> _PROBLEM TO WORK ON_
Here the job is to repeat the listing exactly, but not the pictures in it.

> _SUPPLIED MATERIAL_
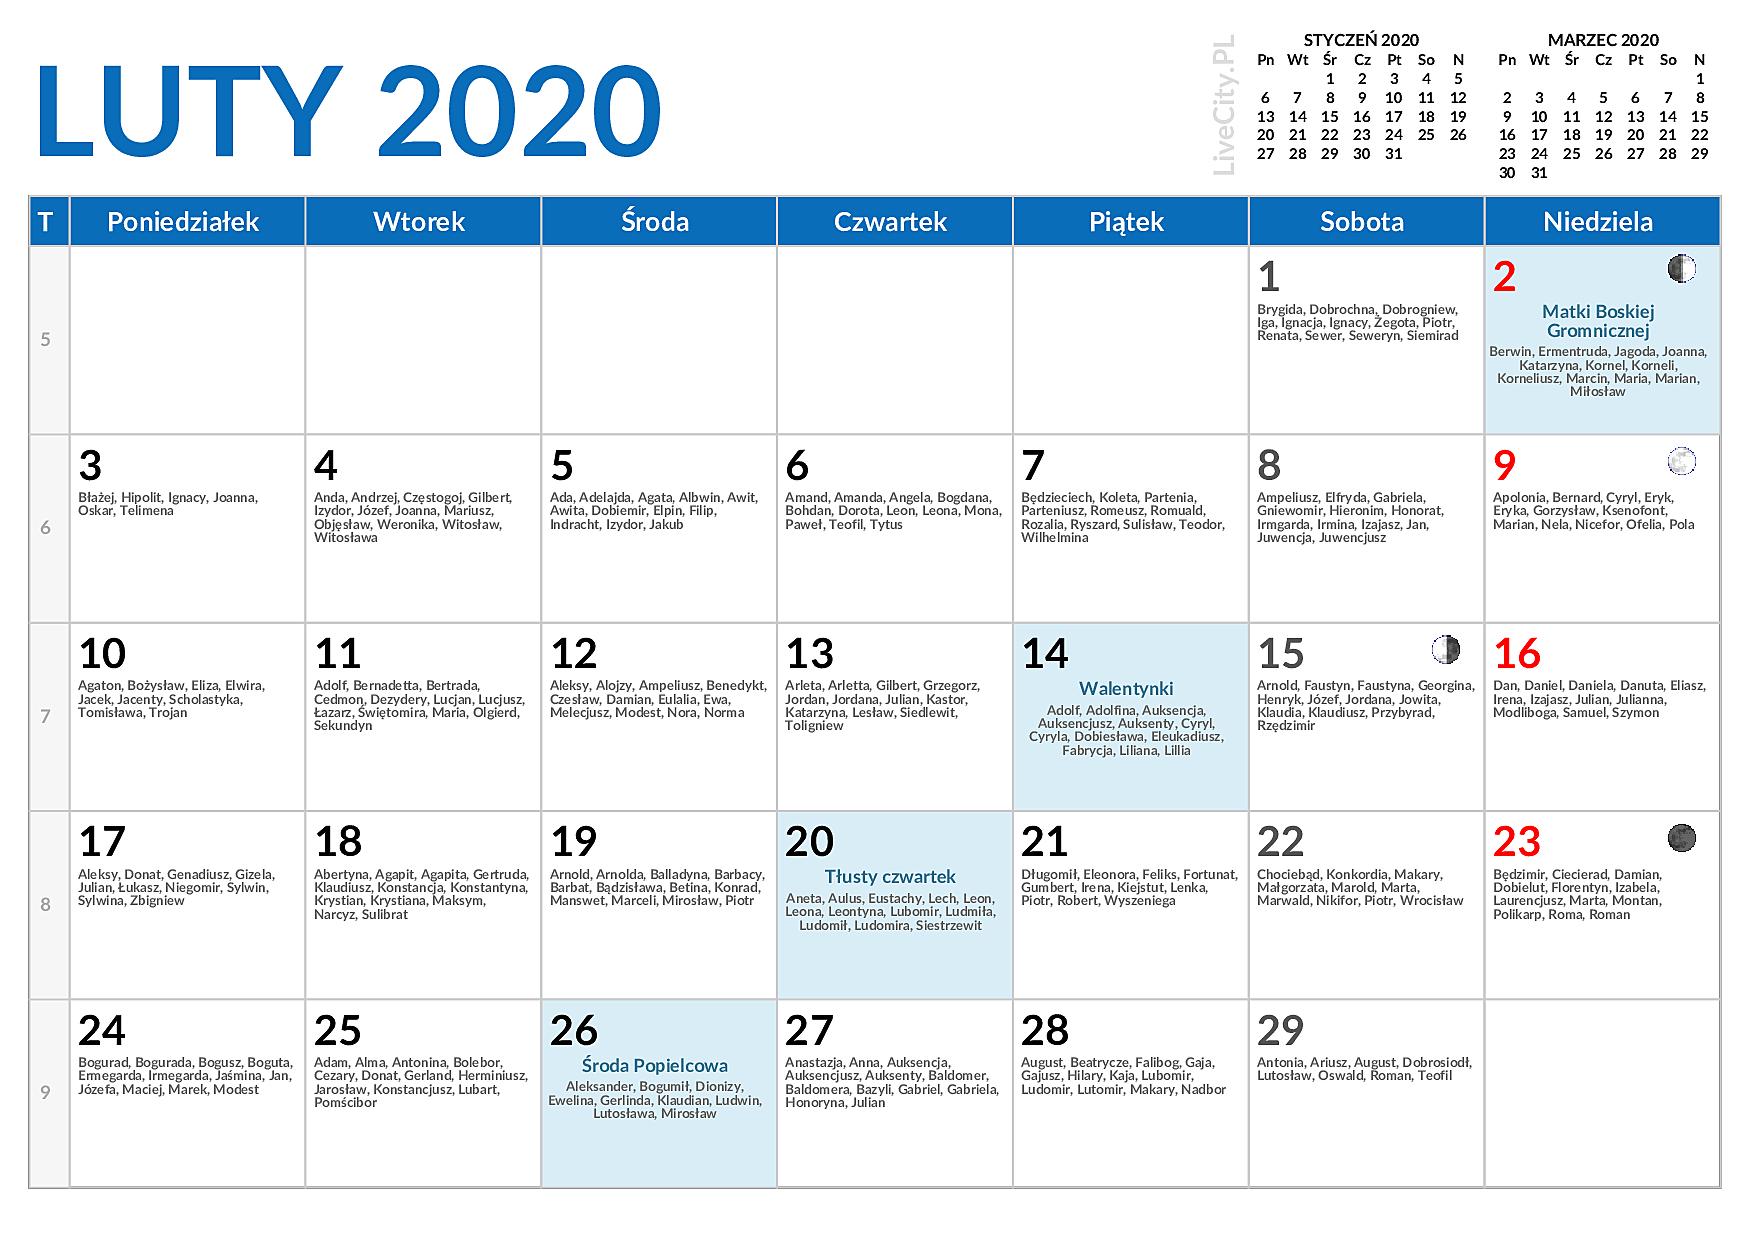 Kalendarz Luty 2020 Kalendarz Lutego
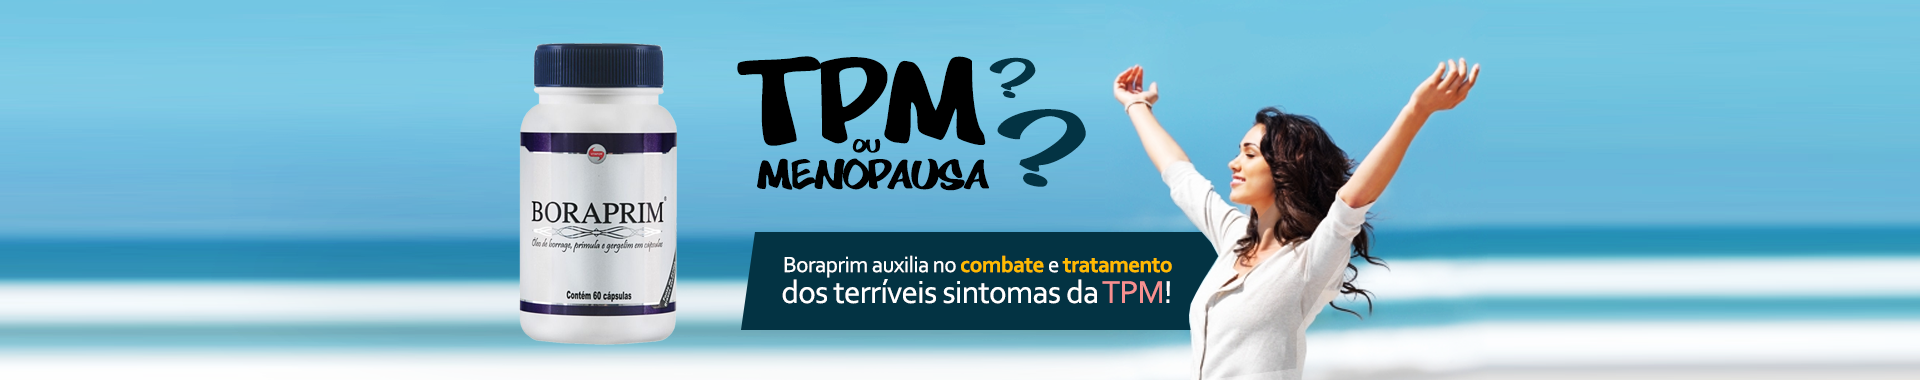 TPM ou Menopausa
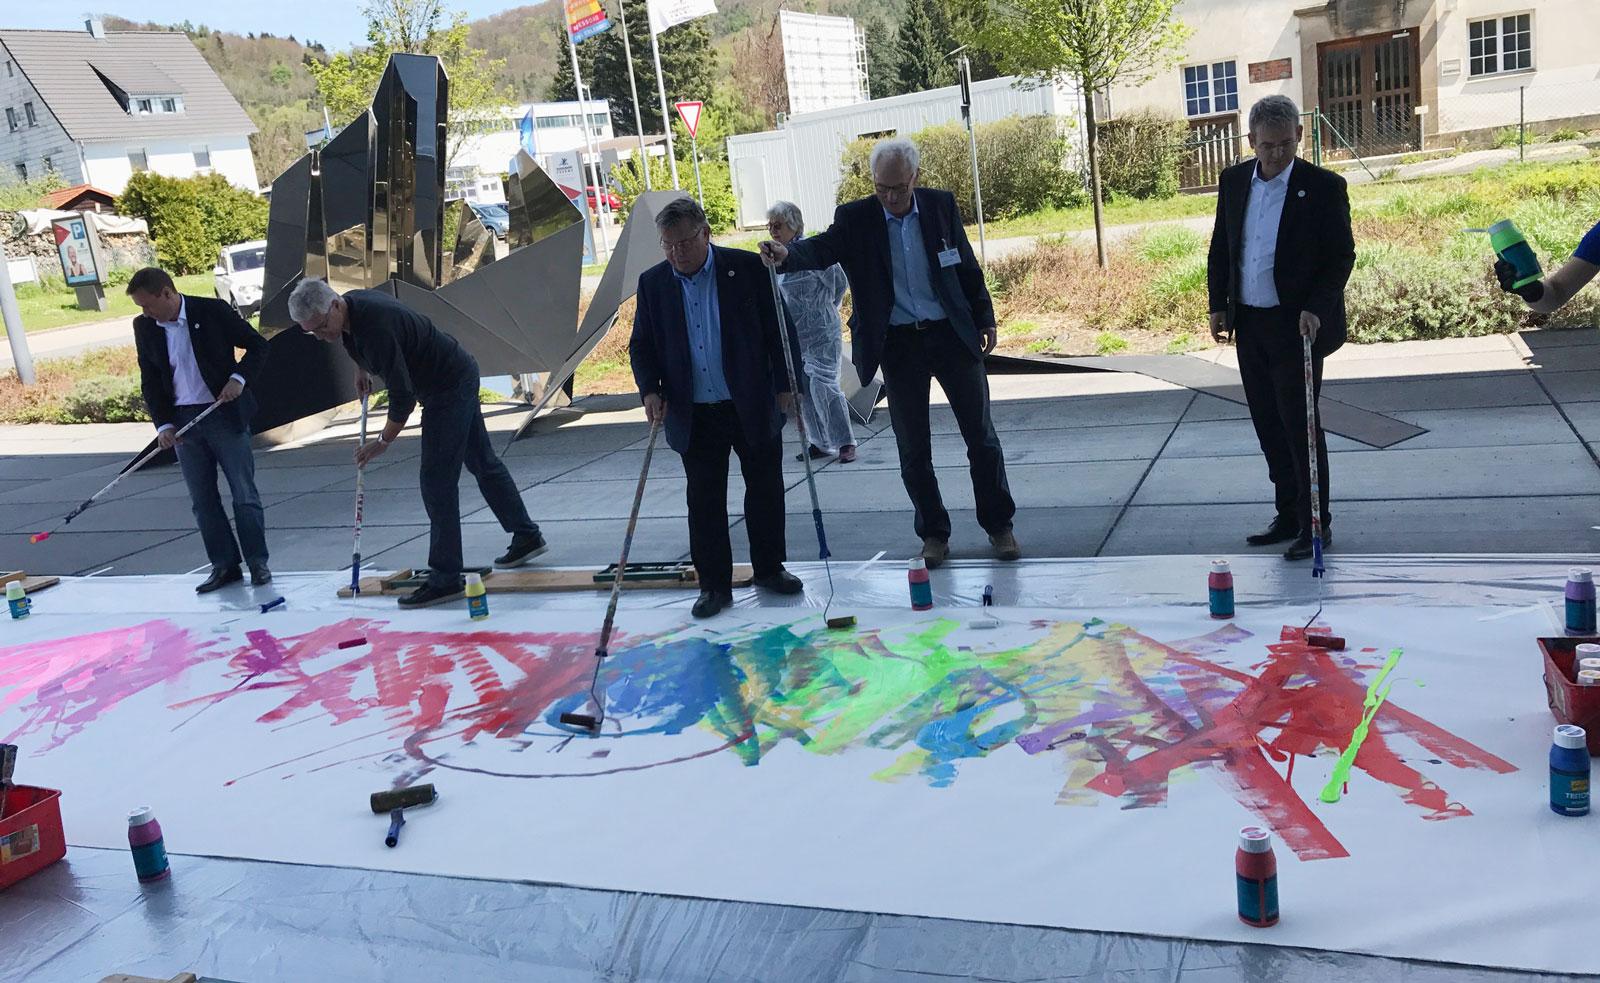 Farberlebnis für alle Besucher: Action Painting beim Tag der offenen Tür im Finanzamt Hersbruck.
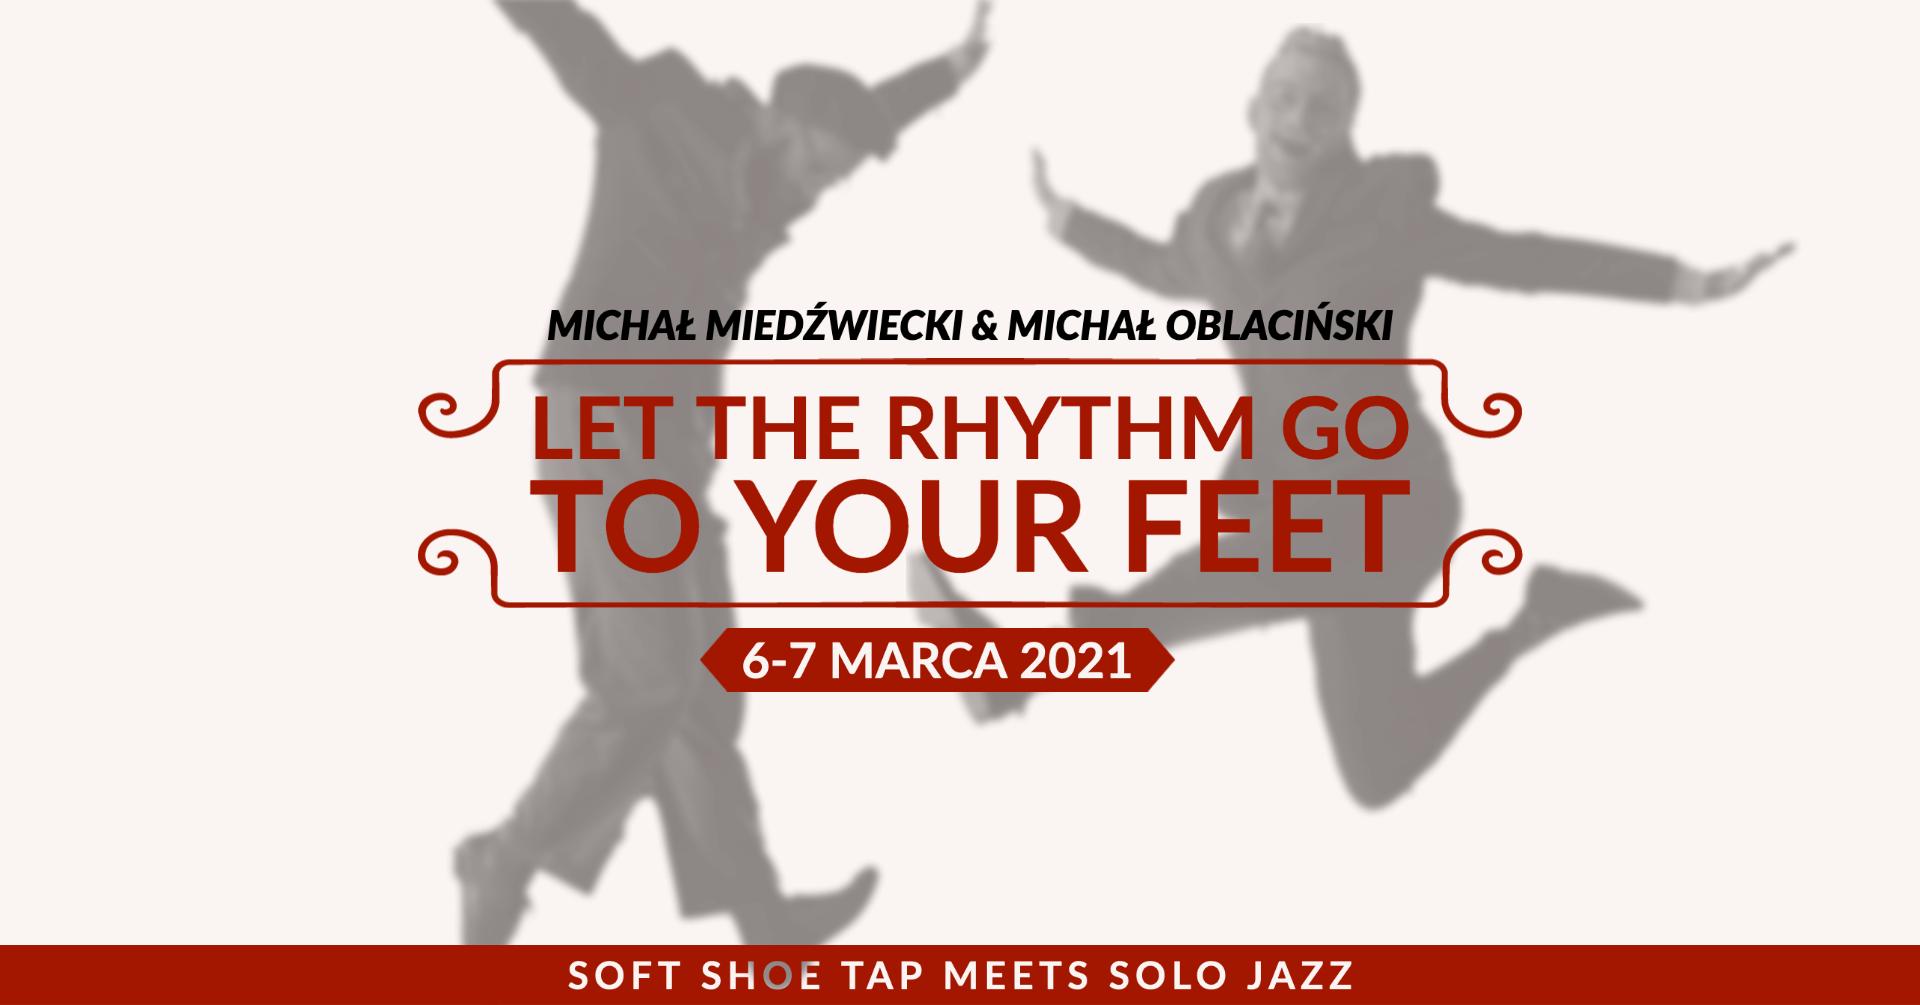 Warsztaty Soft Shoe Tap i Solo Jazz

> _OUTPUT OF THE TASK_
 Kalendarz Luty 2020 Kalendarz Lutego
 TPM ou Menopausa
 Farberlebnis für alle Besucher: Action Painting beim Tag der offenen Tür im Finanzamt Hersbruck.
 Warsztaty Soft Shoe Tap i Solo Jazz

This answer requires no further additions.